What the task requires → An exact reproduction of the data below is expected, free of images.
━━ Source data
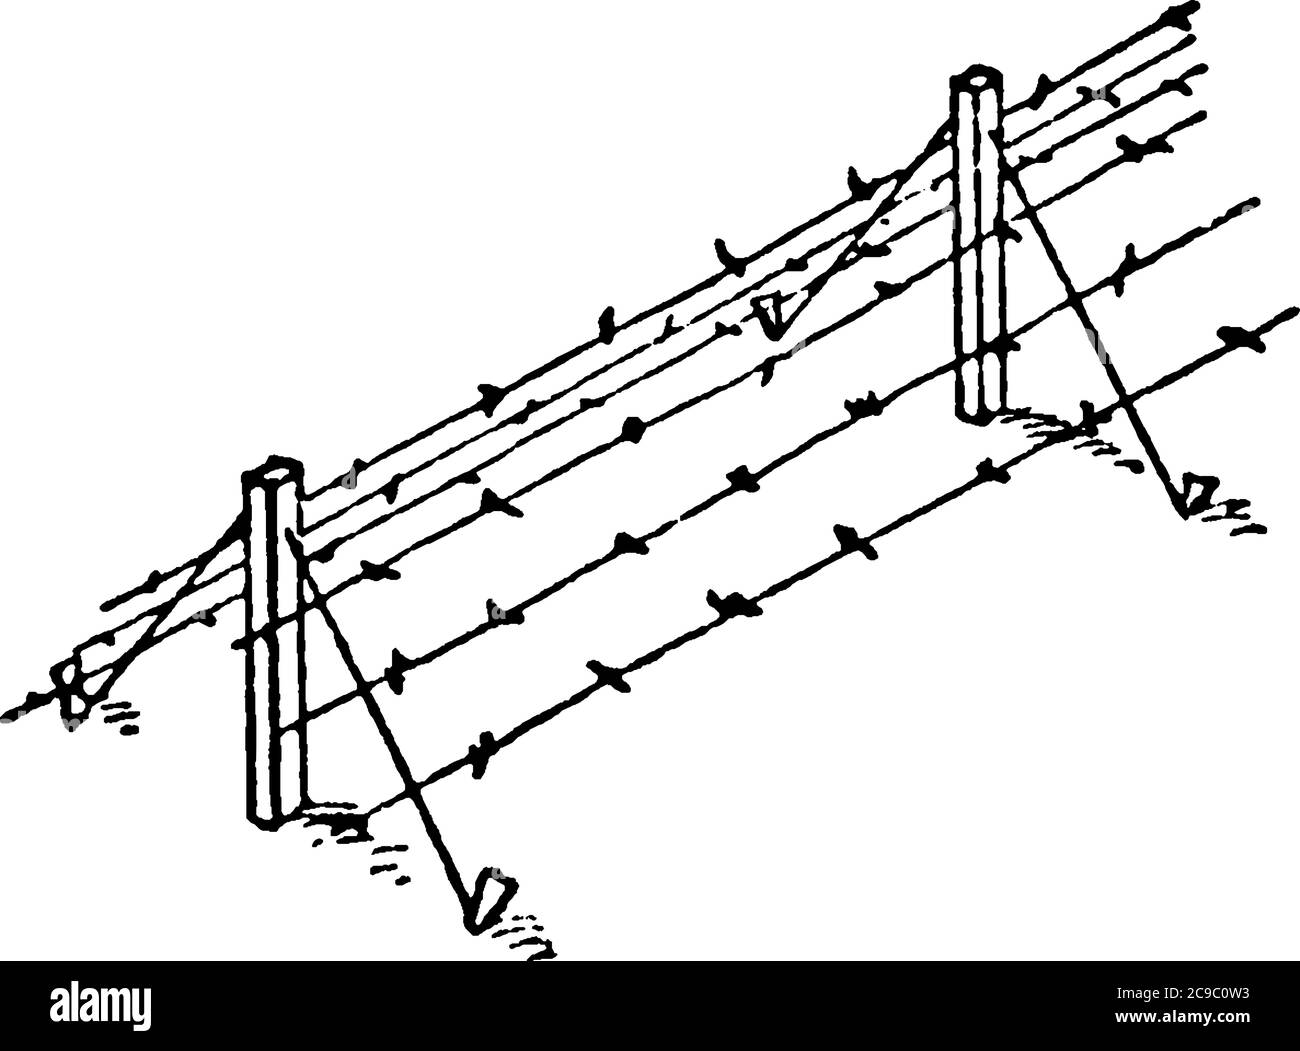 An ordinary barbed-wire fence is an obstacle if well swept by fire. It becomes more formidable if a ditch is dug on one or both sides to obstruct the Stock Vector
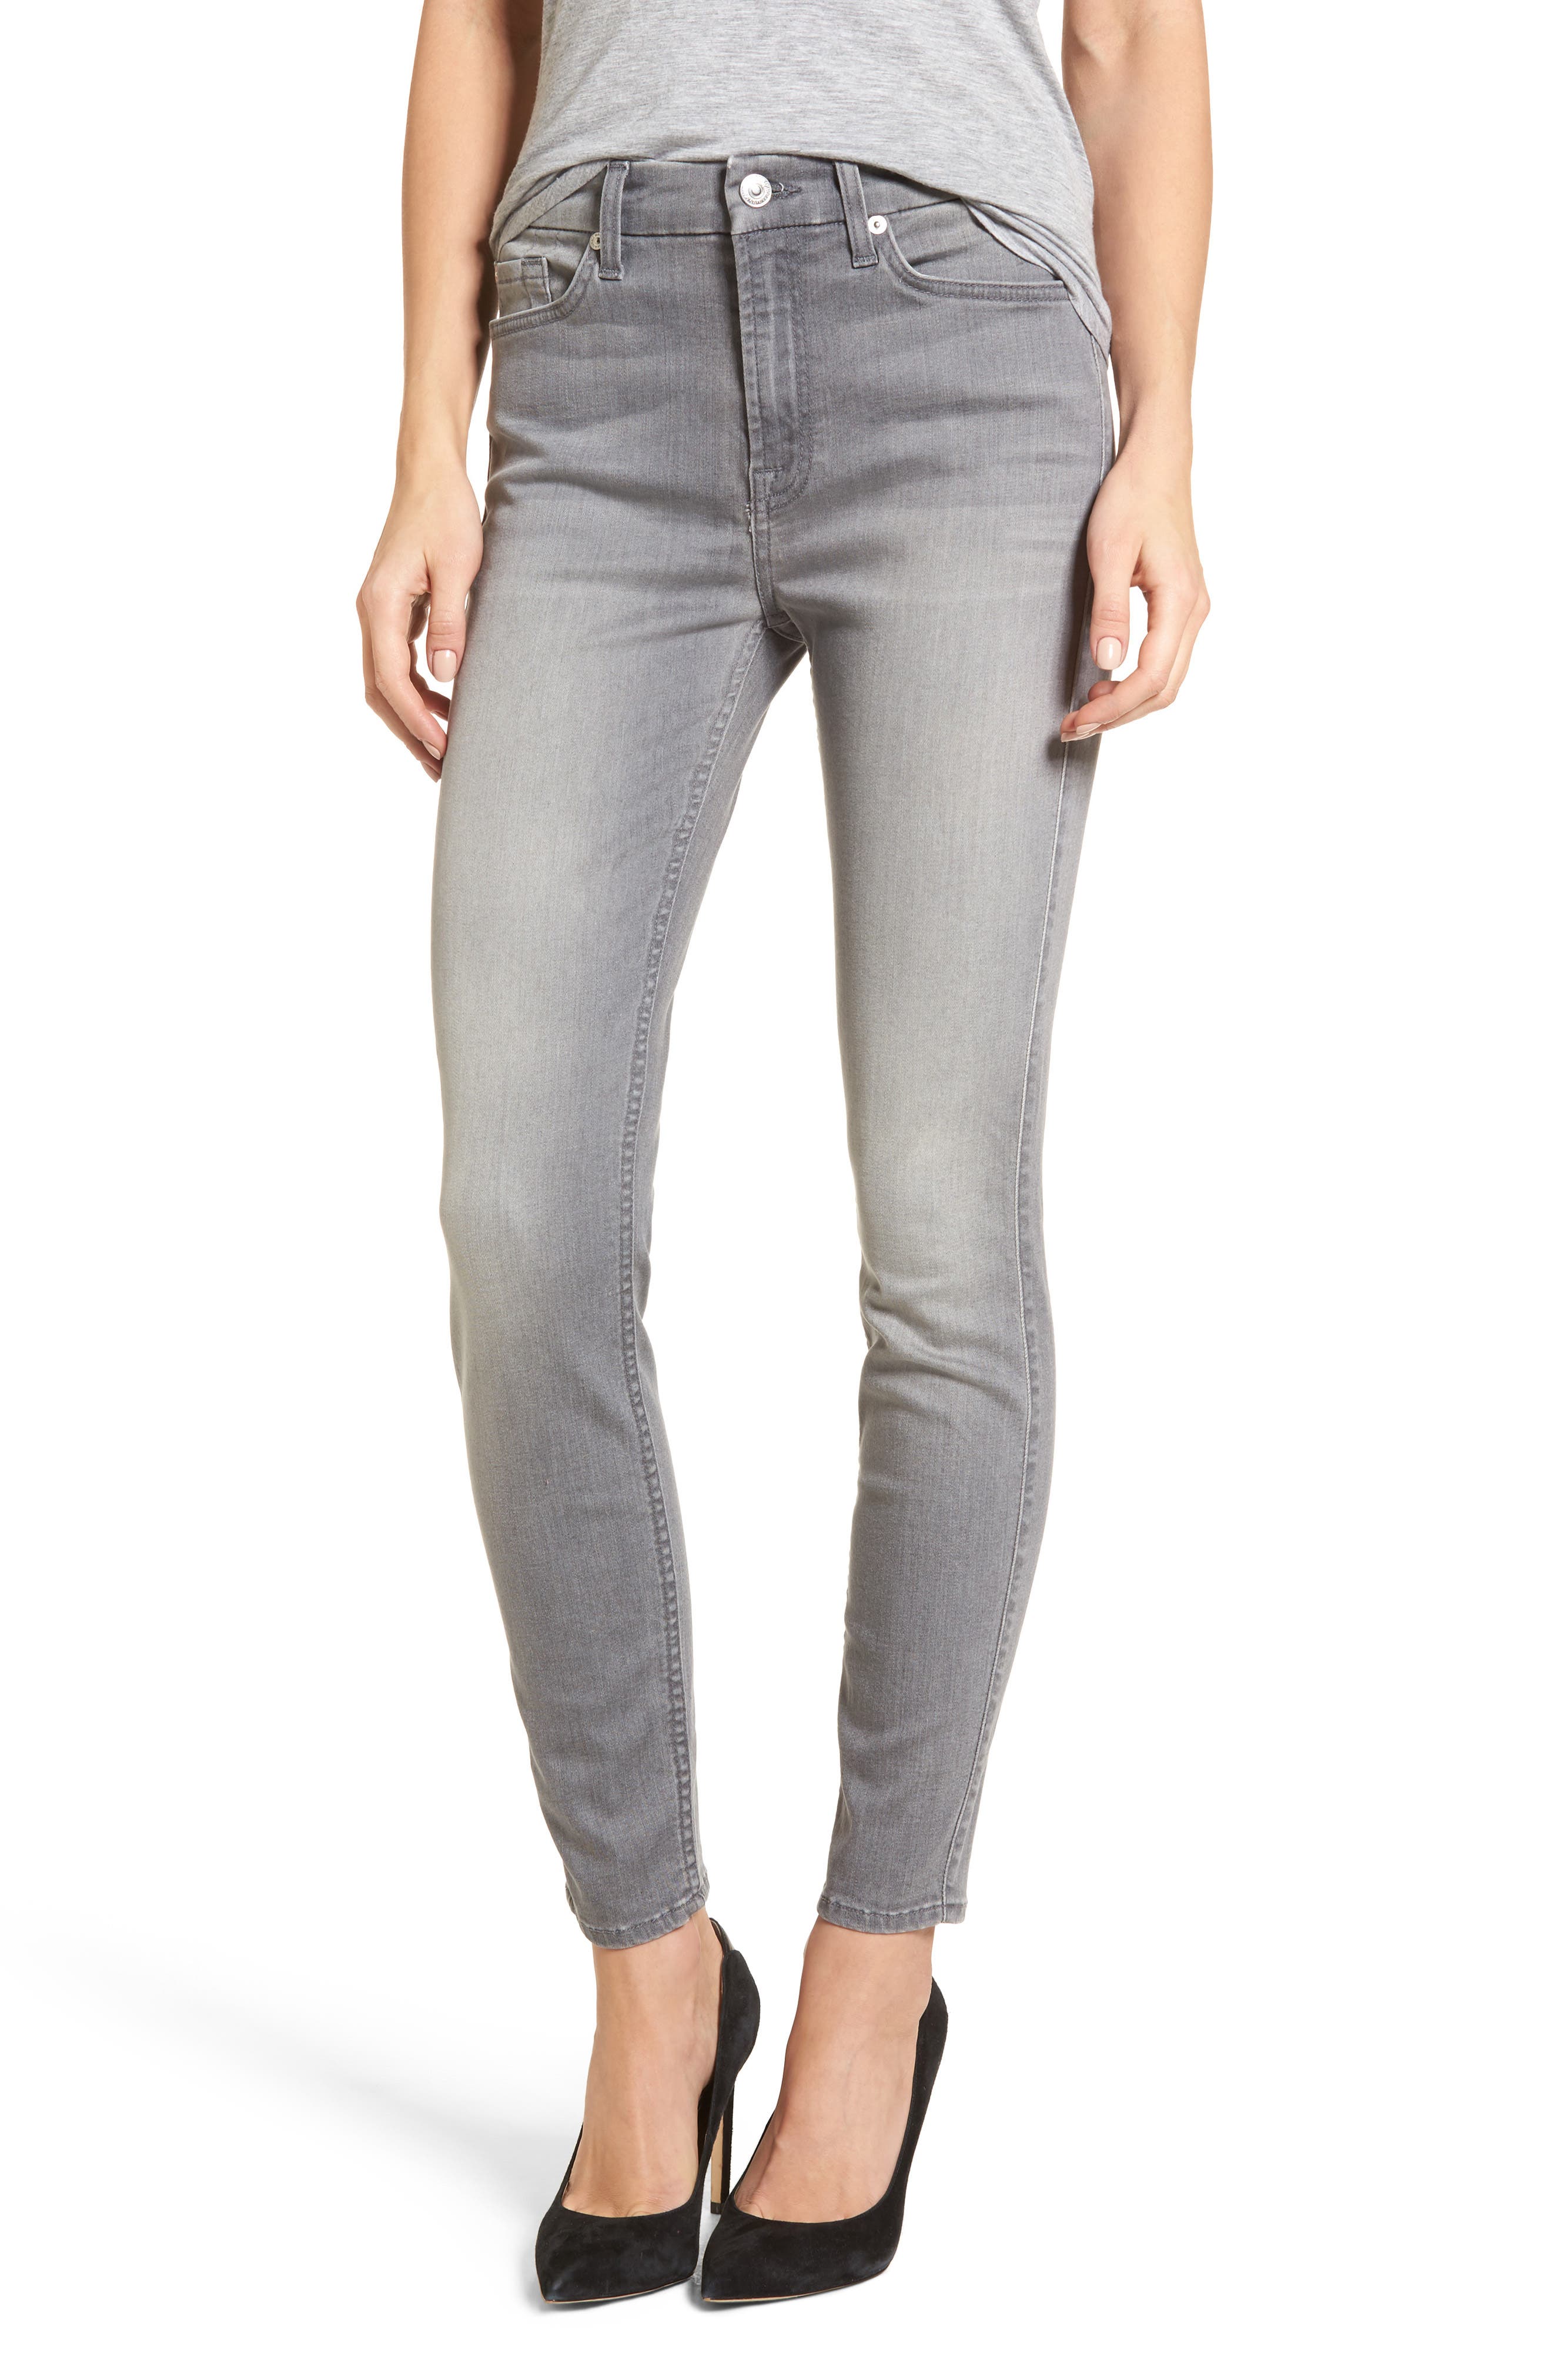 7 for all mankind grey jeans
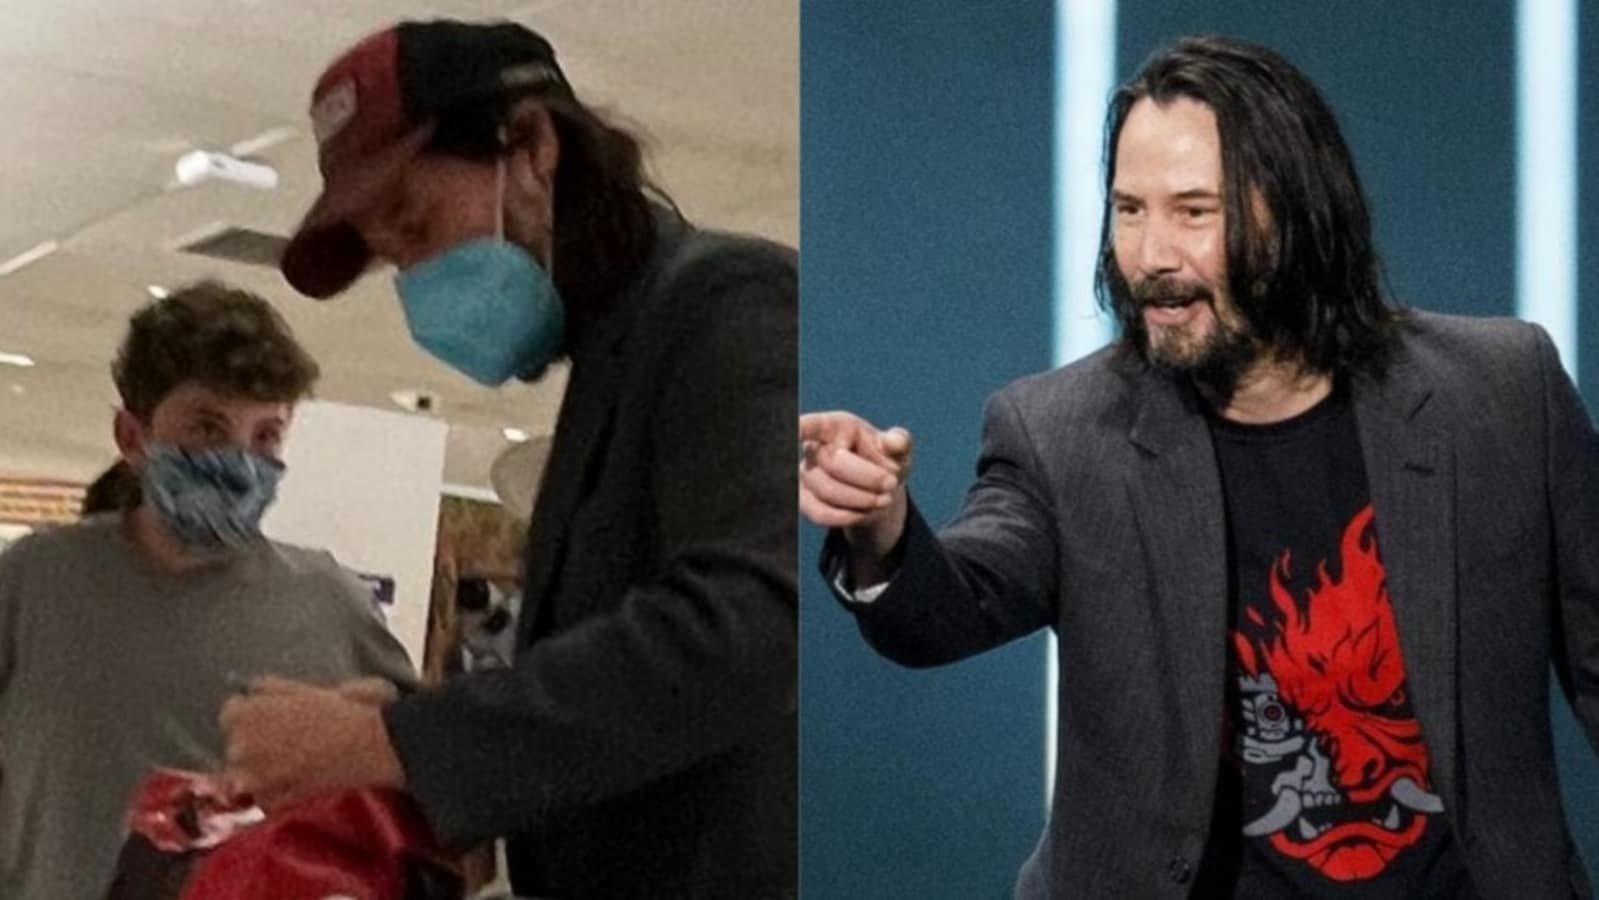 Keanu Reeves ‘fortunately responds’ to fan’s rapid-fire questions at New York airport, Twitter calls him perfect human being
━━━━
Task solution →
 An ordinary barbed-wire fence is an obstacle if well swept by fire. It becomes more formidable if a ditch is dug on one or both sides to obstruct the Stock Vector
 7 for all mankind grey jeans
 Keanu Reeves ‘fortunately responds’ to fan’s rapid-fire questions at New York airport, Twitter calls him perfect human being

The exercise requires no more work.